Casi Poggi e Mollicone. Bertoluzzo: “La Magistratura non ha fallito. Le nuove conoscenze scientifiche potranno fare la differenza”
Si sono riaccesi i riflettori sull’omicidio di Chiara Poggi avvenuto nella villetta di famiglia a Garlasco (Pavia) nel 2007. La vicenda giudiziaria si era chiusa nel 2015 con la sentenza di Cassazione che condannava a 16 anni di reclusione Alberto Stasi, tutt’ora nel carcere di Bollate a Milano. Alcune evoluzioni riguardano anche il caso di Serena Mollicone, la diciottenne ritrovata nel 2001 senza vita in un bosco ad Arce (Frosinone). La Corte d’Assise d’Appello aveva assolto tutti gli imputati, ma ora la Corte di Cassazione chiede di riaprire il caso e annuncia un nuovo processo d’appello

Si sono riaccesi i riflettori sull’omicidio di Chiara Poggi avvenuto nella villetta di famiglia a Garlasco (Pavia) nel 2007. La vicenda giudiziaria si era chiusa nel 2015 con la sentenza di Cassazione che condannava a 16 anni di reclusione l’allora fidanzato della 26enne, Alberto Stasi, tutt’ora nel carcere di Bollate a Milano. Alcune evoluzioni riguardano anche il caso di Serena Mollicone, la diciottenne ritrovata nel 2001 senza vita in un bosco ad Arce (Frosinone). La Corte d’Assise d’Appello aveva assolto tutti gli imputati, ma ora, la Corte di Cassazione chiede di riaprire il caso e annuncia un nuovo processo d’appello.
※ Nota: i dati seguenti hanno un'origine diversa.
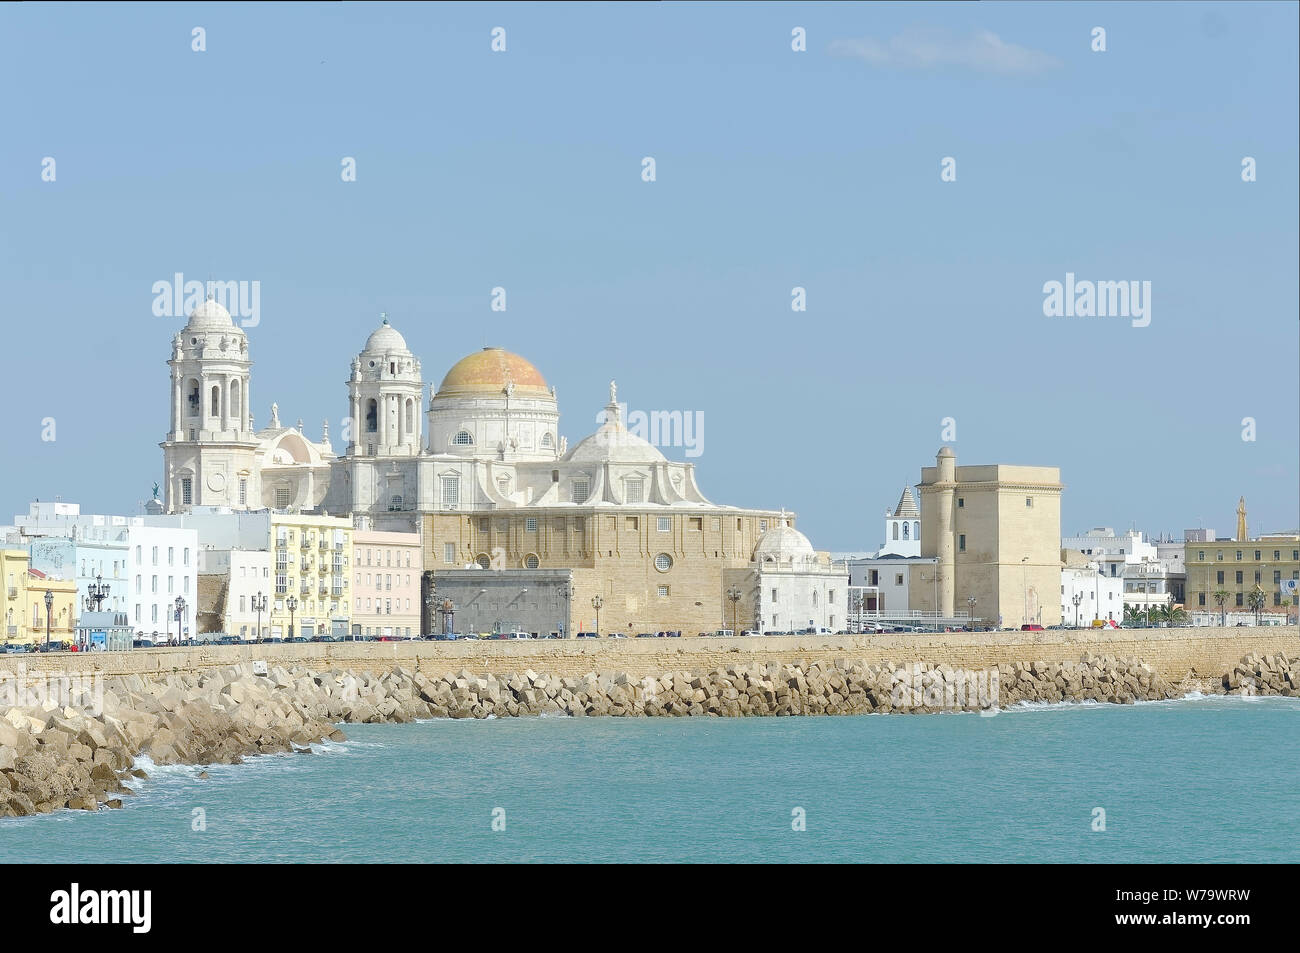 Cádiz,one of the oldest continuously inhabited cities in Western Europe,with archaeological remains dating 3100 years was founded by the Phoenicians. Stock Photo

Le due vicende che, seppur in tempi diversi, tennero l’Italia con il fiato sospeso, entrarono nelle case degli italiani attraverso le tv e i giornali che seguirono passo passo gli sviluppi delle indagini e le vicende processuali. In attesa delle nuove risultanze, il criminologo e docente di criminologia del conflitto all’Università di Torino, Marco Bertoluzzo, ne analizza alcuni aspetti.
La riapertura di casi come questi non rischia di far perdere autorevolezza alla giustizia?
Non sono rari, ma la giustizia non è impazzita e non ha perso valore, anche se per molti sembra aver fallito.
La revisione dei procedimenti penali è prevista dal nostro Codice ed è pertanto normale. Anzi, è posta a garanzia dei cittadini. In un periodo storico come quello contemporaneo dove fallire o sbagliare non è concesso, immaginare che una sentenza possa essere ribaltata è considerato impensabile e può mandare in crisi.
Ma la giustizia è fatta da uomini. L’errore deve essere ridotto ovviamente al minimo, ma è un elemento che va considerato possibile.
Come fare allora per avvicinarsi il più possibile alla verità?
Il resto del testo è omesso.